## RECORDED INFORMATION
══════════
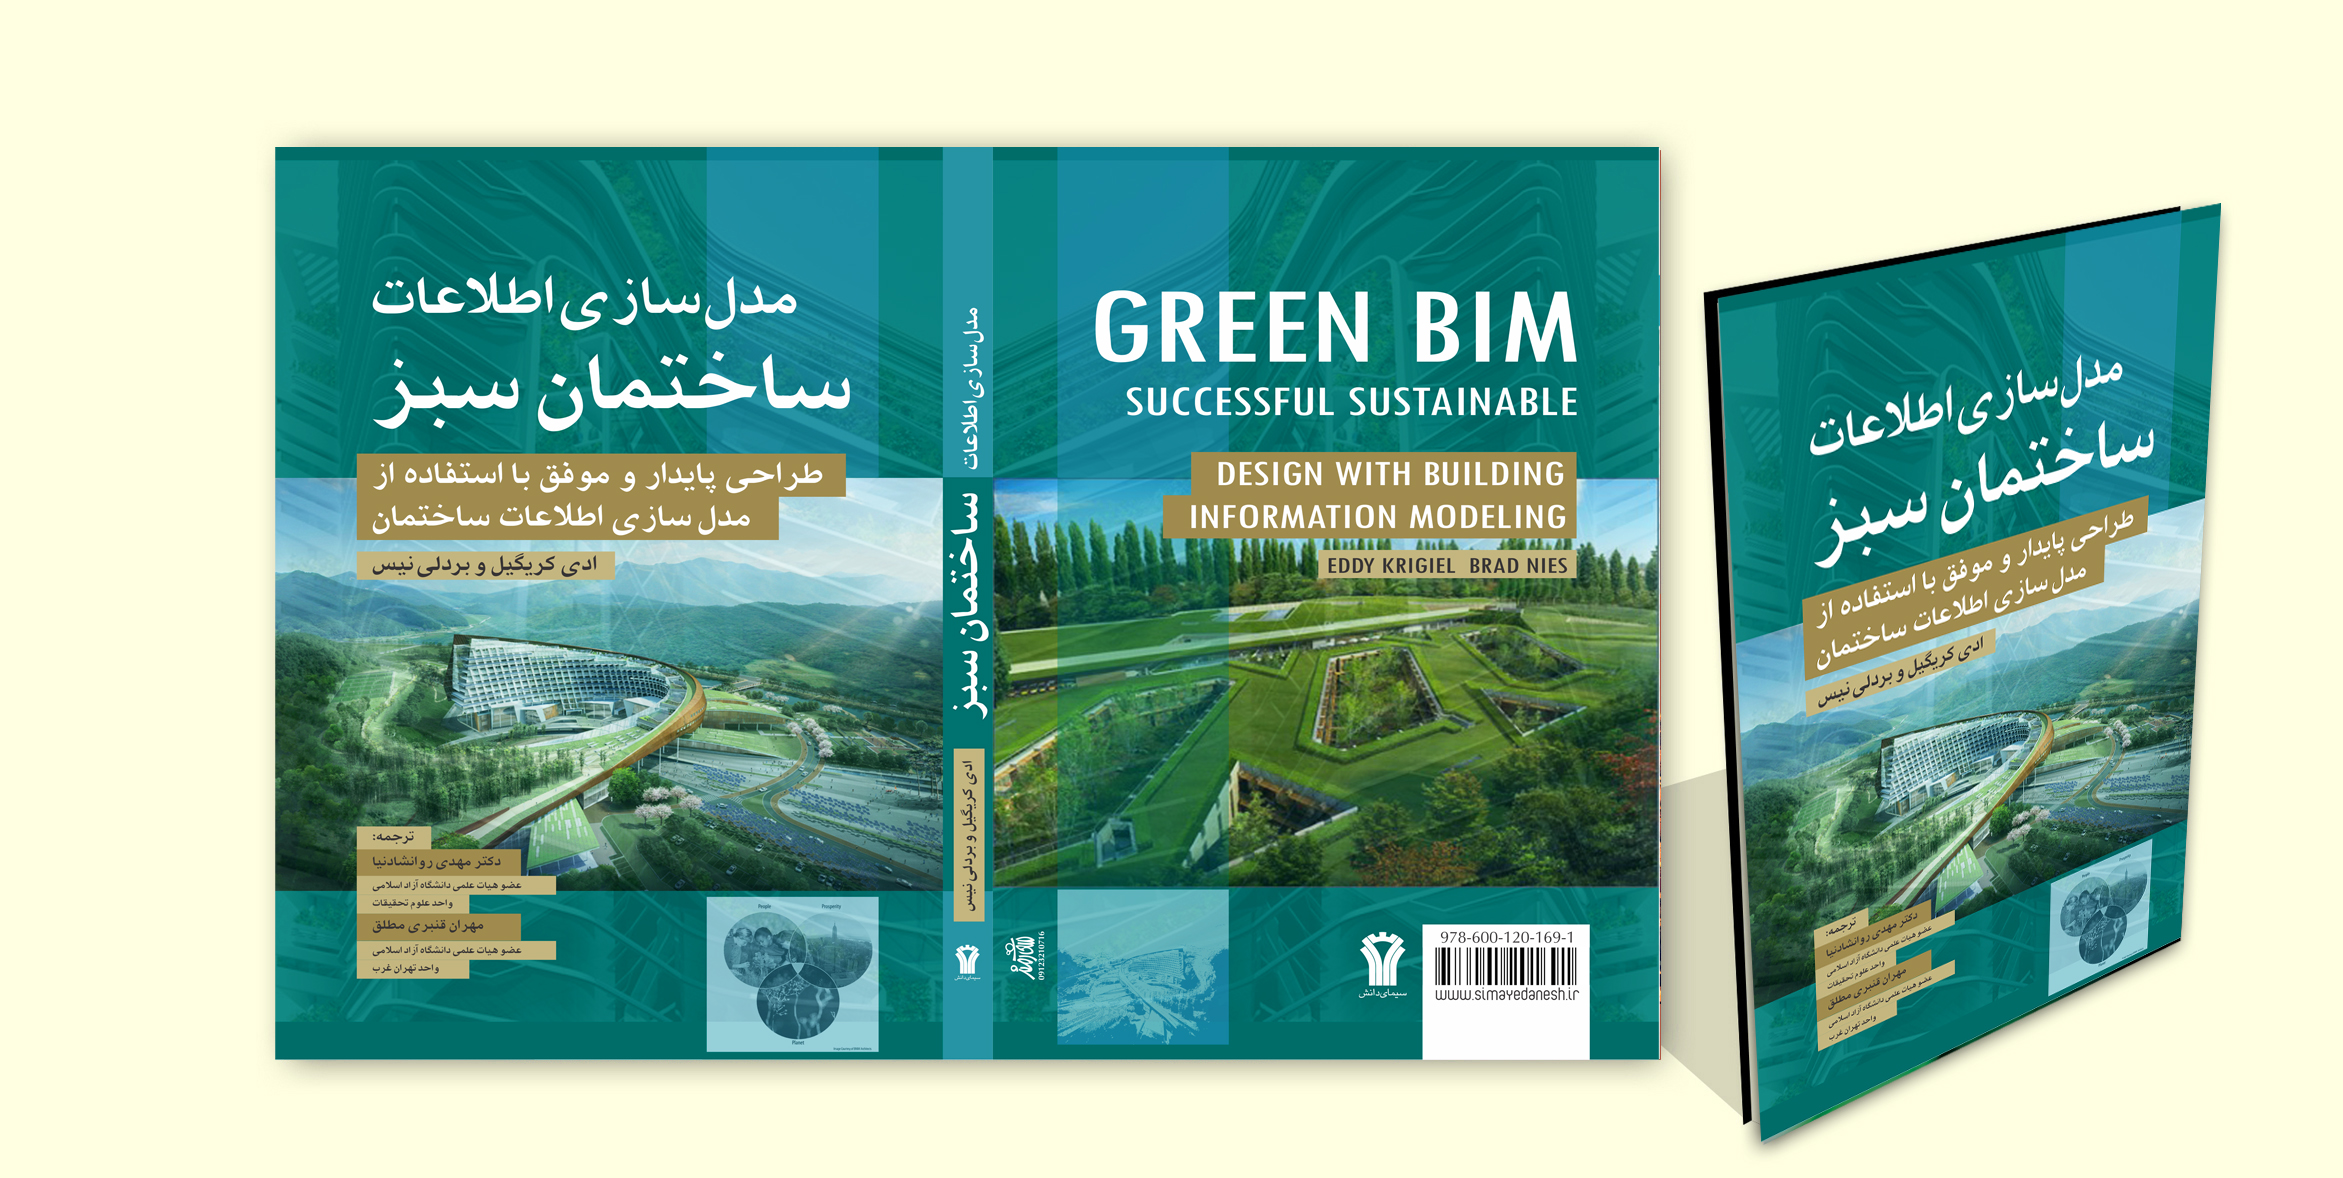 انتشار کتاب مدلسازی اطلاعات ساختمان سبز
══════════
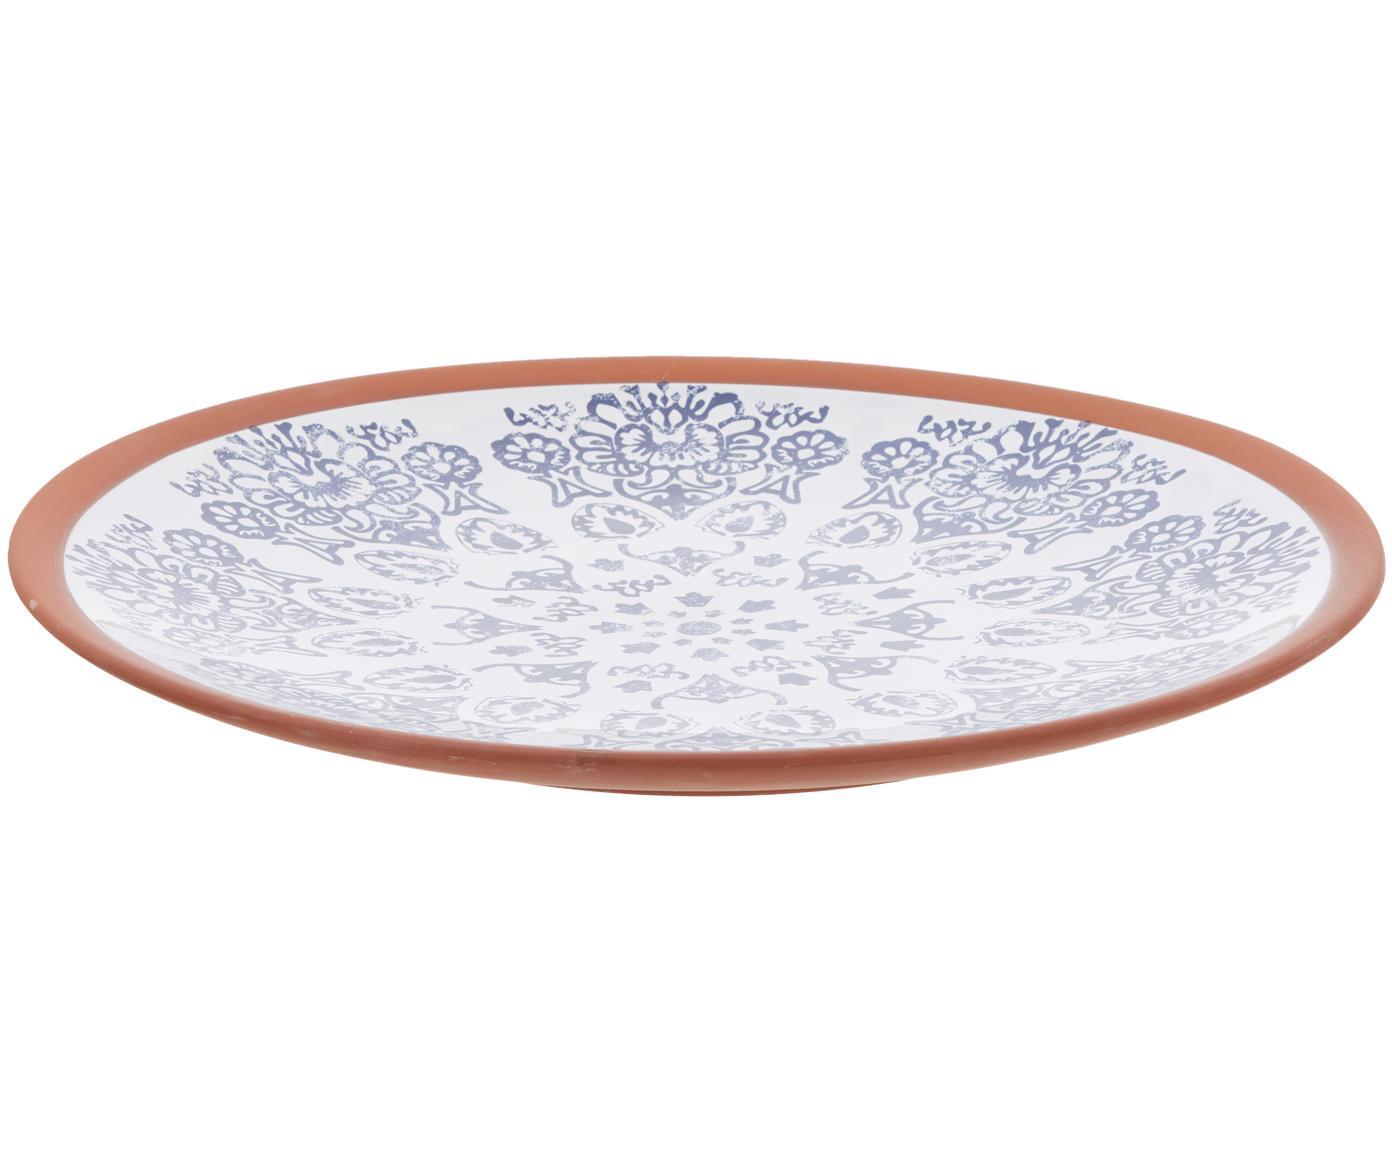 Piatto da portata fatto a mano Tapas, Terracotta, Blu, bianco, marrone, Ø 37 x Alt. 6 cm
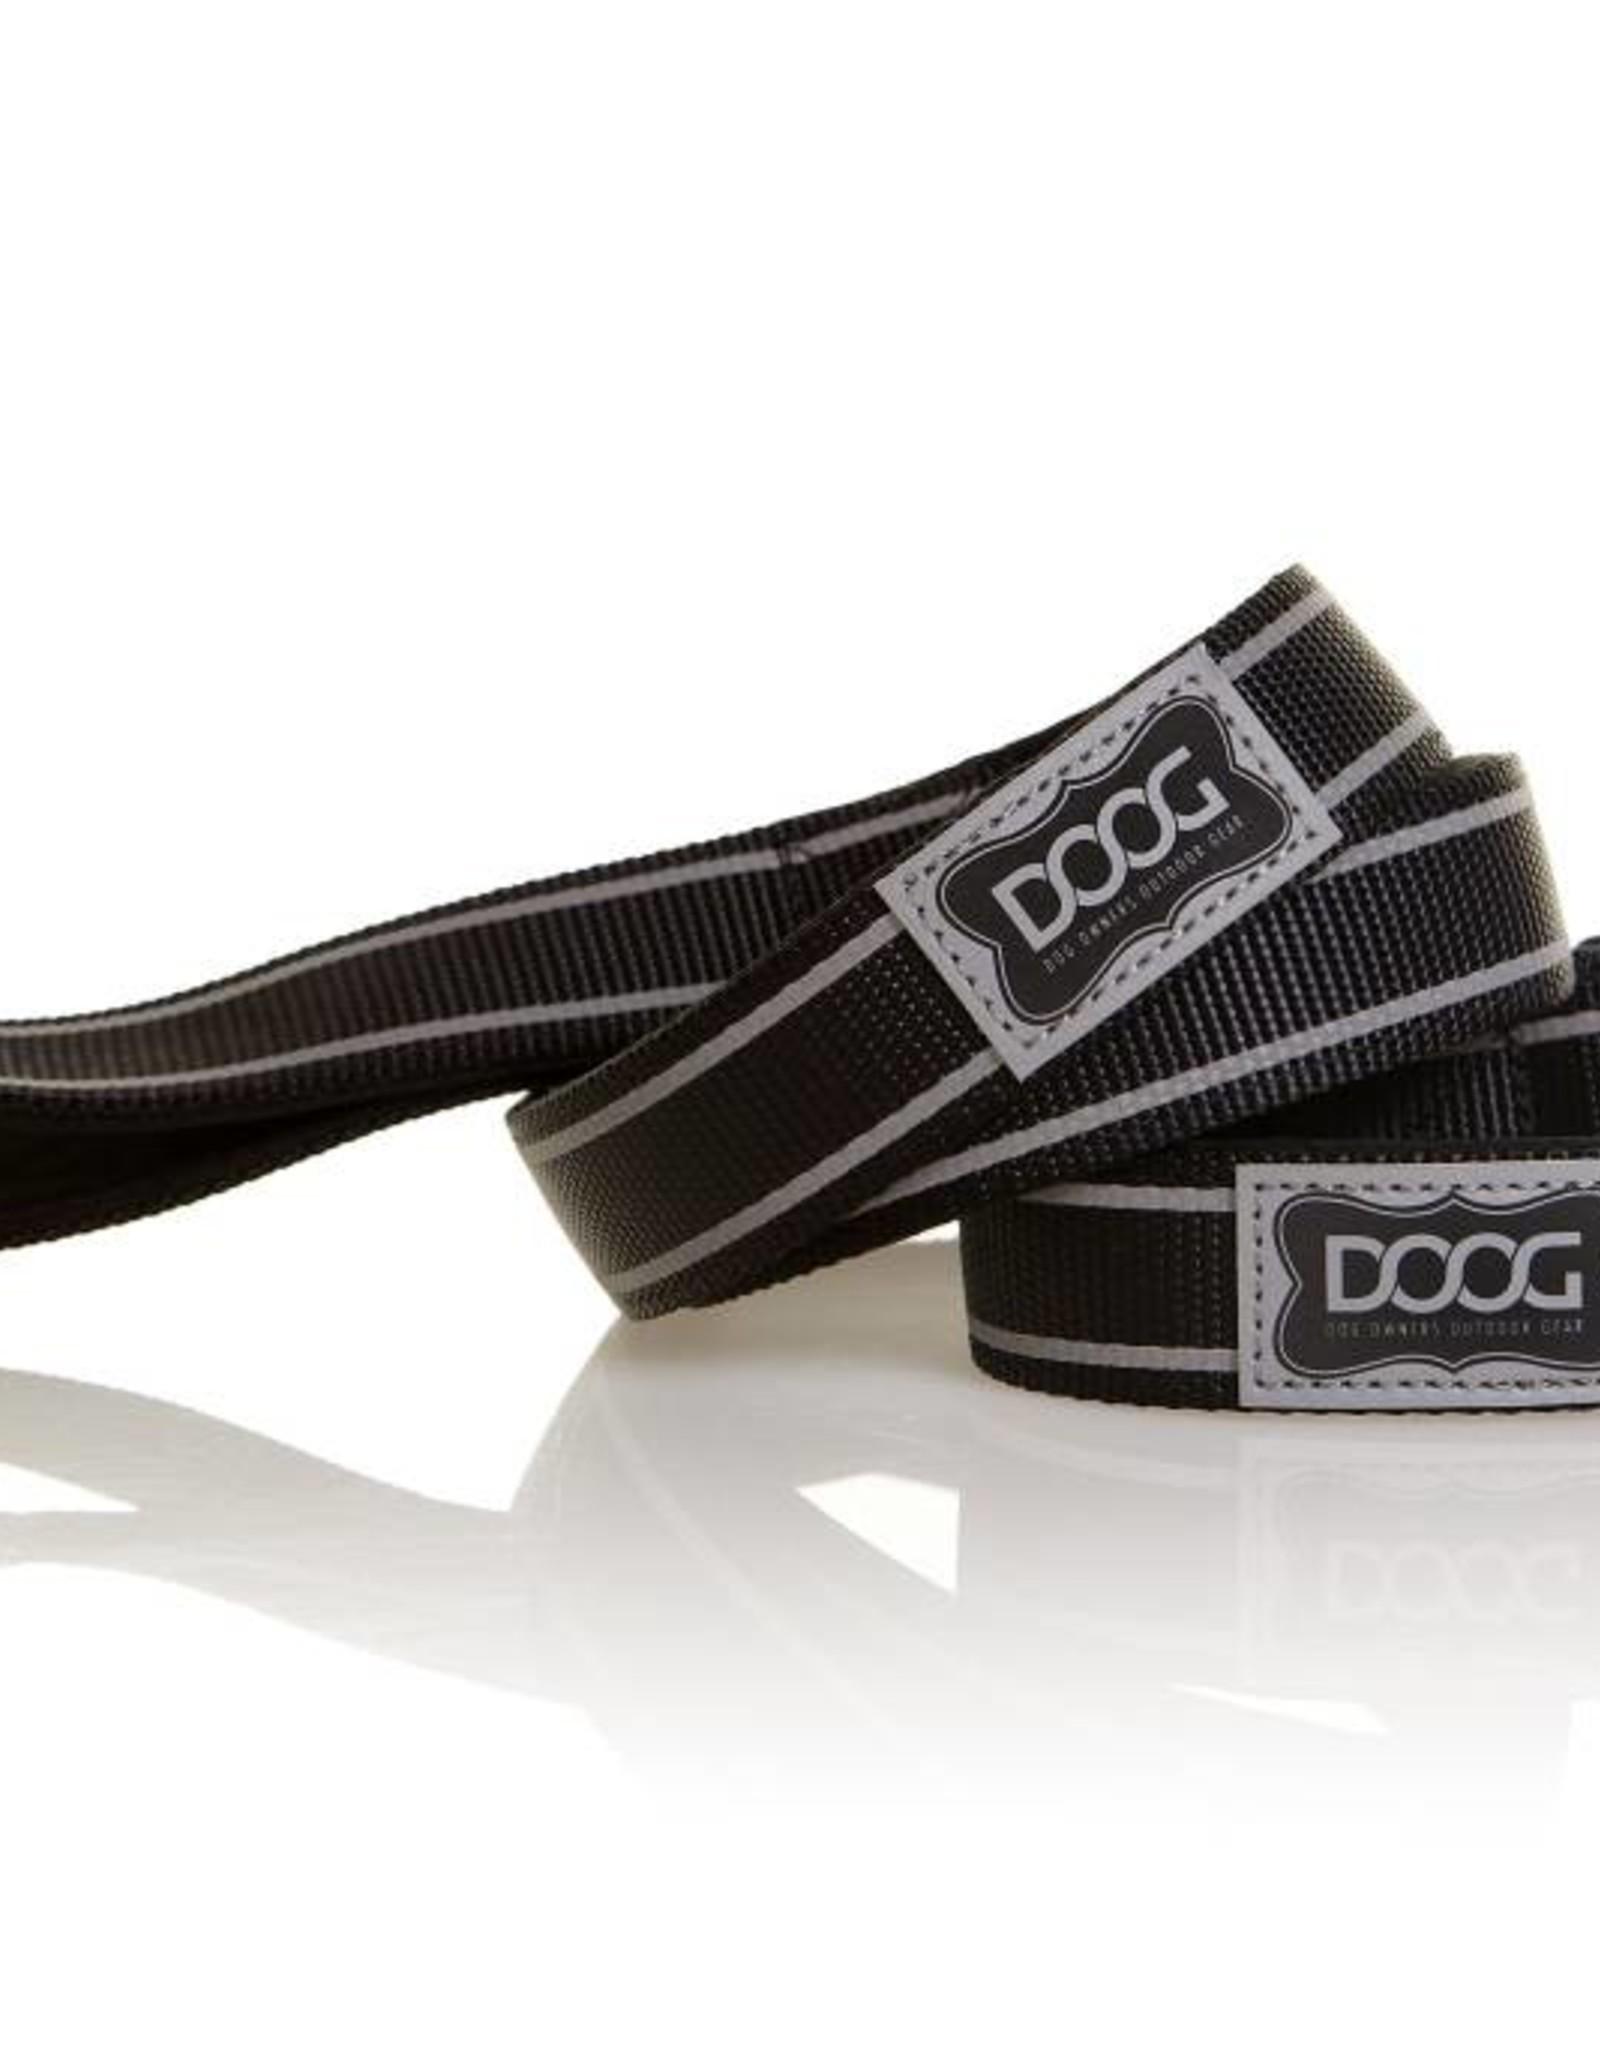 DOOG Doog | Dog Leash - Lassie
══════════
## WHAT YOU NEED TO DO
Repeat, without pictures, exactly the lines of the data above from the one containing "Piatto da portata" through the one containing "DOOG Doog | Dog Leash - Lassie", including both and adding nothing.

## ANSWER SECTION
 Piatto da portata fatto a mano Tapas, Terracotta, Blu, bianco, marrone, Ø 37 x Alt. 6 cm
 DOOG Doog | Dog Leash - Lassie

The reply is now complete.